President of the Storting
- In office 9 October 2021 – 23 November 2021
- Monarch: Harald V
- Prime Minister: Erna Solberg Jonas Gahr Støre
- Preceded by: Tone W. Trøen
- Succeeded by: Masud Gharahkhani

First Vice President of the Storting
- In office 7 October 2017 – 30 September 2021
- President: Olemic Thommessen Tone W. Trøen
- Preceded by: Marit Nybakk
- Succeeded by: Svein Harberg

Member of the Norwegian Parliament
- Incumbent
- Assumed office 1 October 2005
- Constituency: Sør-Trøndelag

Member of the Trondheim City Council
- In office 14 March 2003 – 20 March 2005

Leader of the Workers' Youth League
- In office 22 October 2000 – 8 September 2002
- Deputy: Gry Larsen
- Preceded by: Anniken Huitfeldt
- Succeeded by: Gry Larsen

Personal details
- Born: 5 March 1973 (age 53) Trondheim, South Trøndelag, Norway
- Party: Labour
- Alma mater: Norwegian University of Science and Technology

= Eva Kristin Hansen =

Norwegian politician (born 1973)

Eva Kristin Hansen (born 5 March 1973 in Trondheim) is a Norwegian politician for the Labour Party. She briefly served as the President of the Storting from October to November 2021. She has also served as an MP for South Trøndelag since 2005. She was also leader of the Workers' Youth League from 2000 to 2002.

==Career==
===Youth League===
From 2000 to 2002, she was the leader of the Workers' Youth League, the youth wing of the Labour Party.

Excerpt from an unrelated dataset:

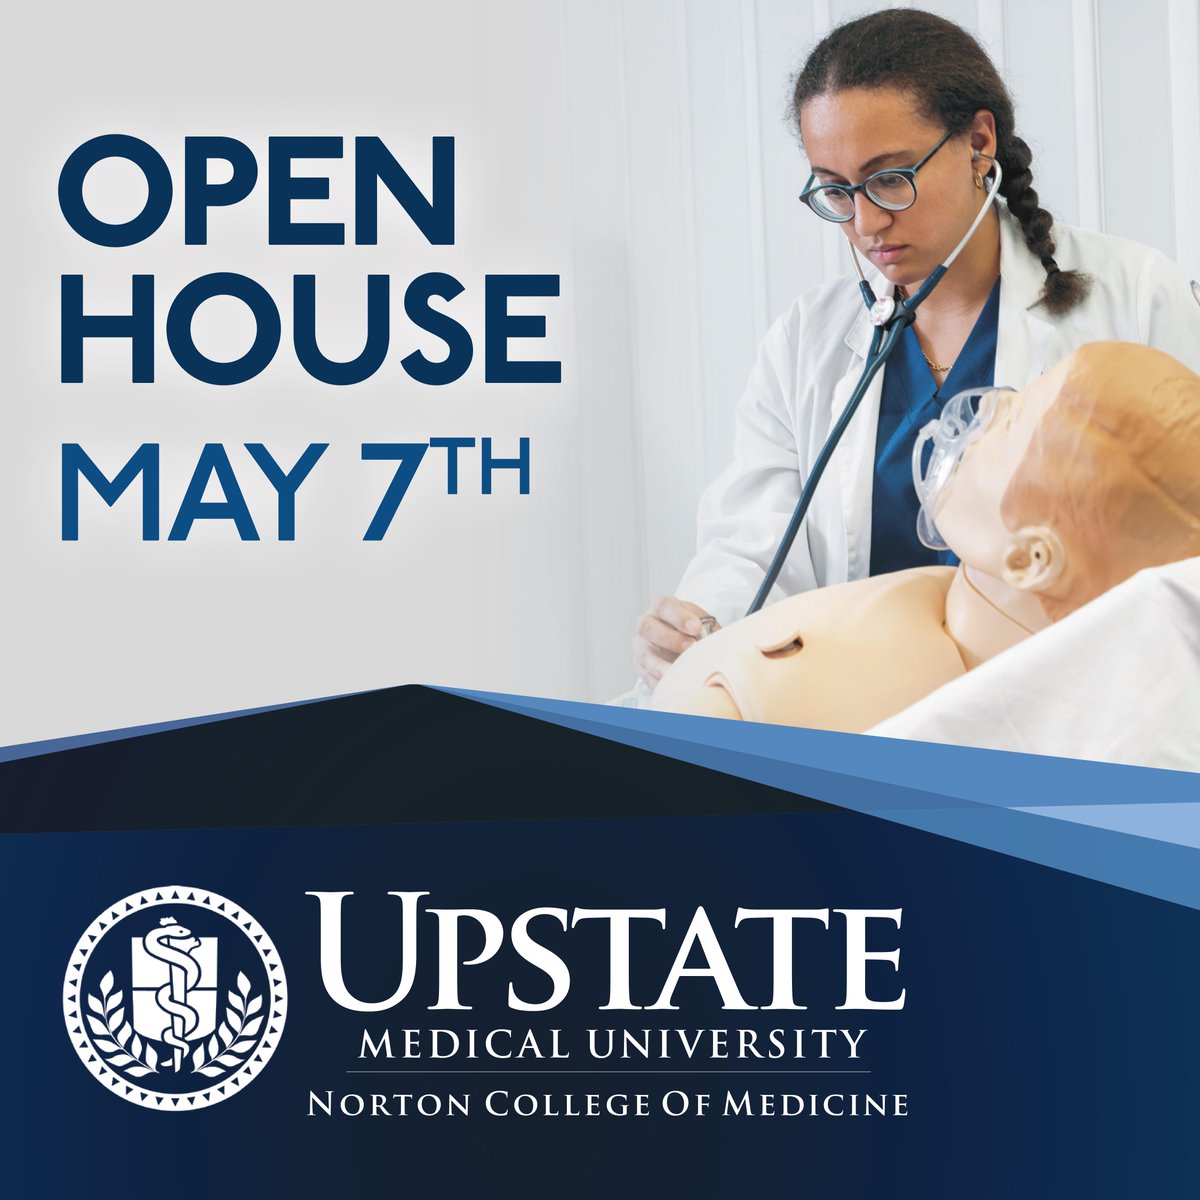 Upstate invites prospective students to our Spring Open House for the Norton College of Medicine! • Meet with faculty and learn about our medical programs • Learn about financial aid • Tour campus • Hear from current medical students Register here ▸ bit.ly/3vYDSiq

===Parliament (2005–present)===
She was elected to the Norwegian Parliament from Sør-Trøndelag in 2005.

Following the 2017 election, she was proposed as the Labour Party's candidate for President of the Storting as an alternative to incumbent Conservative Olemic Thommessen, who had faced harsh criticism for his handling of the budget in regards to renovations of the Storting. Hansen was eventually not elected, but became First Vice President instead.
She was again the party's candidate for the same position following the 2021 election, which the Labour Party parliamentary group unanimously agreed to. The Storting voted to confirm her to the post on 9 October, with 160 in favour and 8 abstaining. Hansen is the first Storting president to hail from Trøndelag since Guttorm Hansen in 1973.

==== President of the Storting (Oct–Sep 2021) ====
Upon becoming President of the Storting, Hansen vowed to clean up in the cases where Storting representatives benefited from economical goods. She expressed fear that it might lead to further disdain for politicians in Norway. She also stressed the importance a lot of the political work would happen in the Storting rather through government ministries, saying it would "really become a revitalization of the Storting's work".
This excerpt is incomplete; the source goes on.